X_train, X_test, y_train, y_test = train_test_split(X, y, test_size=0.2, random_state=123)
preprocessor=make_column_transformer(
    (StandardScaler(), ['age', 'played_hours']),
    remainder='drop'
)
knn=KNeighborsClassifier()
knn_pipeline=make_pipeline(preprocessor, knn)

param_grid = {'kneighborsclassifier__n_neighbors': range(1,10)}
grid=GridSearchCV(knn_pipeline, param_grid=param_grid, cv=5, scoring='accuracy')
grid.fit(X_train, y_train)
best_k=grid.best_params_['kneighborsclassifier__n_neighbors']
best_k

7

In [8]:
player_test = players_clean.loc[X_test.index].copy()
player_test["predicted"] = grid.predict(X_test)
player_test[["name", "subscribe", "predicted"]]

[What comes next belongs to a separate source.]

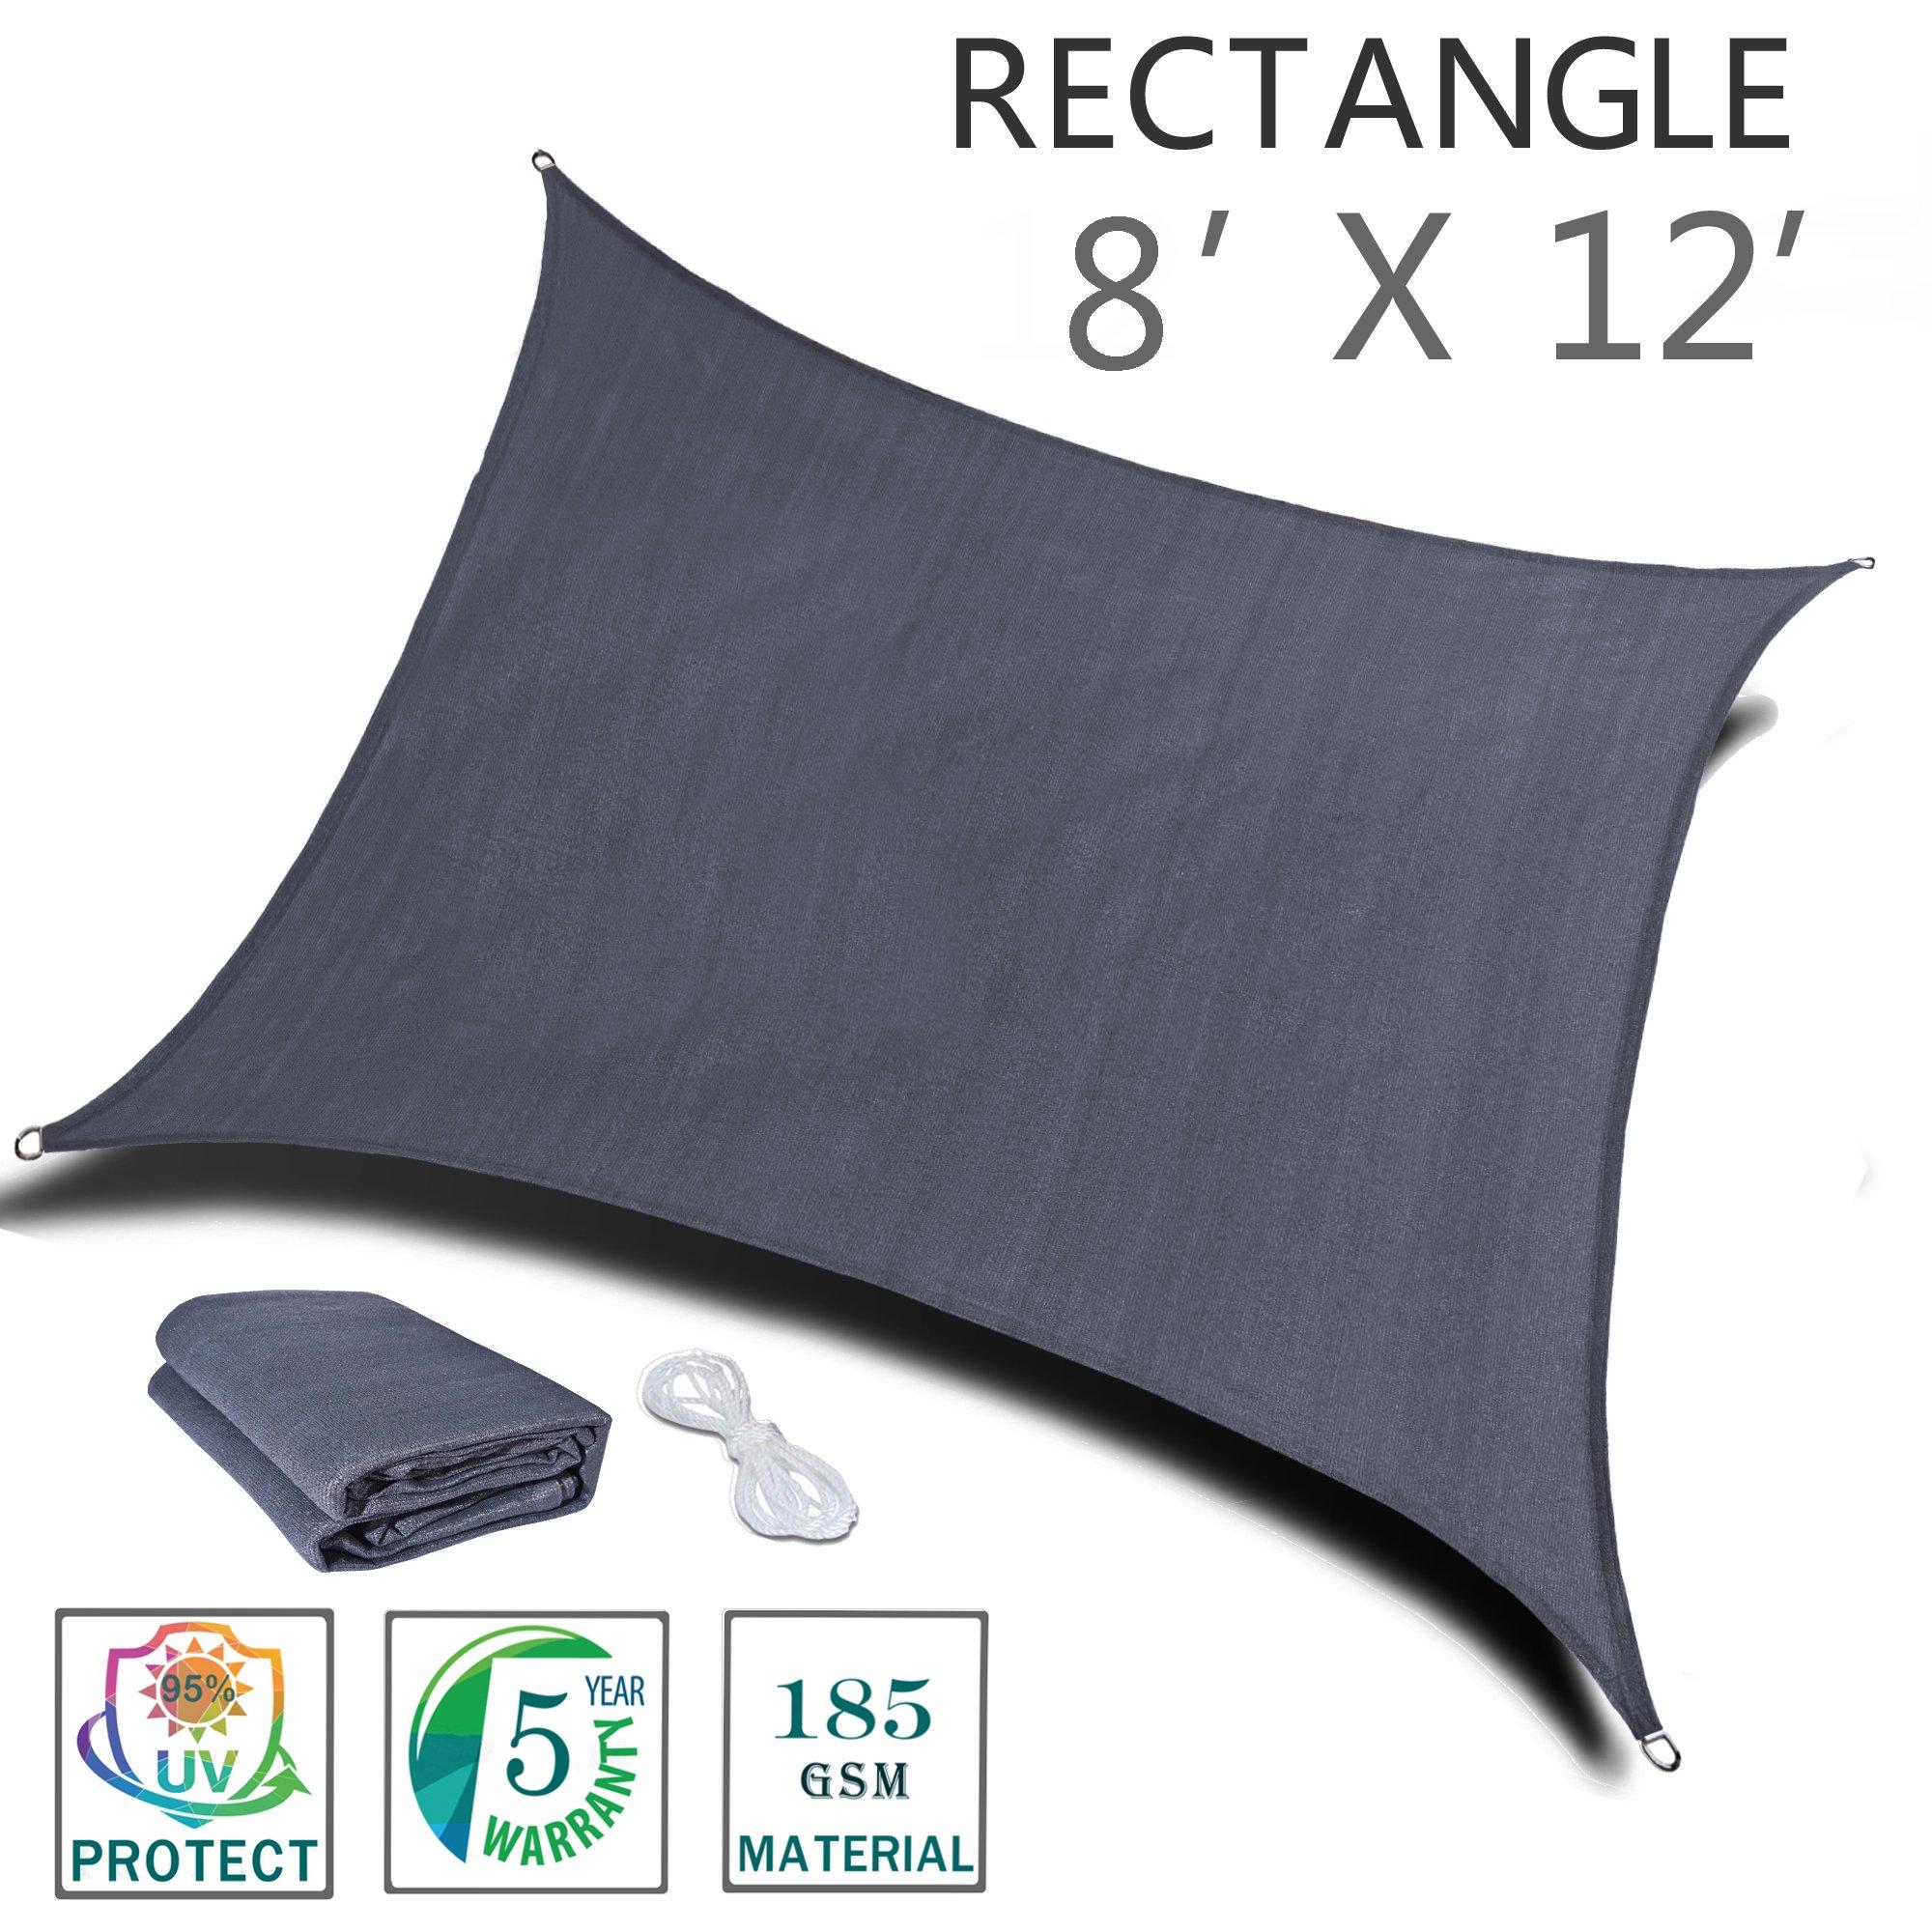 SUNNY GUARD 8' x 12' Charcoal Rectangle Sun Shade Sail UV Block for Outdoor Patio Garden

Unnamed: 0,name,subscribe,predicted
136,Jamal,True,True
4,Kylie,True,True
81,Suki,True,True
181,Hunter,True,True
161,Finley,False,True
154,Mikael,True,True
62,Knox,True,True
187,Jasper,True,True
122,Bodhi,False,False
185,Sam,False,True


In [9]:
from sklearn.metrics import accuracy_score, precision_score, recall_score, confusion_matrix

best_model = grid.best_estimator_
y_pred = best_model.predict(X_test)
metric_df = pd.DataFrame({
    "metric": ["accuracy", "precision", "recall"],
    "value": [accuracy_score(y_test, y_pred), precision_score(y_test, y_pred), recall_score(y_test, y_pred)]})
metric_df 

Unnamed: 0,metric,value
0,accuracy,0.8
1,precision,0.783784
2,recall,1.0


In [10]:
pd.crosstab(
    y_test,
    grid.predict(X_test),
    rownames=["Actual"],
    colnames=["Predicted"]
)

Predicted,False,True
Actual,Unnamed: 1_level_1,Unnamed: 2_level_1
False,3,8
True,0,29


In [12]:
players_clean.loc[:, "pred_subscribe"] = best_model.predict(players_clean[["played_hours", "age"]])
scatter_plot = alt.Chart(players_clean).mark_circle(size=60).encode(
    x=alt.X("played_hours:Q").title("Played Hours"),
    y=alt.Y("age:Q").title("Age"),
    color=alt.Color("pred_subscribe:N").title("Predicted Subscribe"),
    tooltip=["played_hours", "age", "pred_subscribe"]
).properties(
    title="Predicted Subscription by Played Hours and Age",
    height=400,
    width=500
)
caption = alt.Chart().mark_text(
    align='center',
    dy=250,          
    fontSize=14
).encode(
    text=alt.value("Figure 3")
)
scatter_pred = alt.layer(scatter_plot, caption).configure_axis(
    labelFontSize=14,
    titleFontSize=14
).configure_title(
    fontSize=16
)
scatter_pred

In Figure 3, although neither age nor played_hours can perfectly distinguish between subscribers and non-subscribers, the combination of these two features still provides a meaningful learning structure for KNN to learn from. Played_hours shows clear patterns in both low and extremely high ranges, while age helps differentiate between young and older player groups. Therefore, these two predictors create distinguishable neighborhoods, leading the model to achieve reasonable accuracy and make interpretable predictions.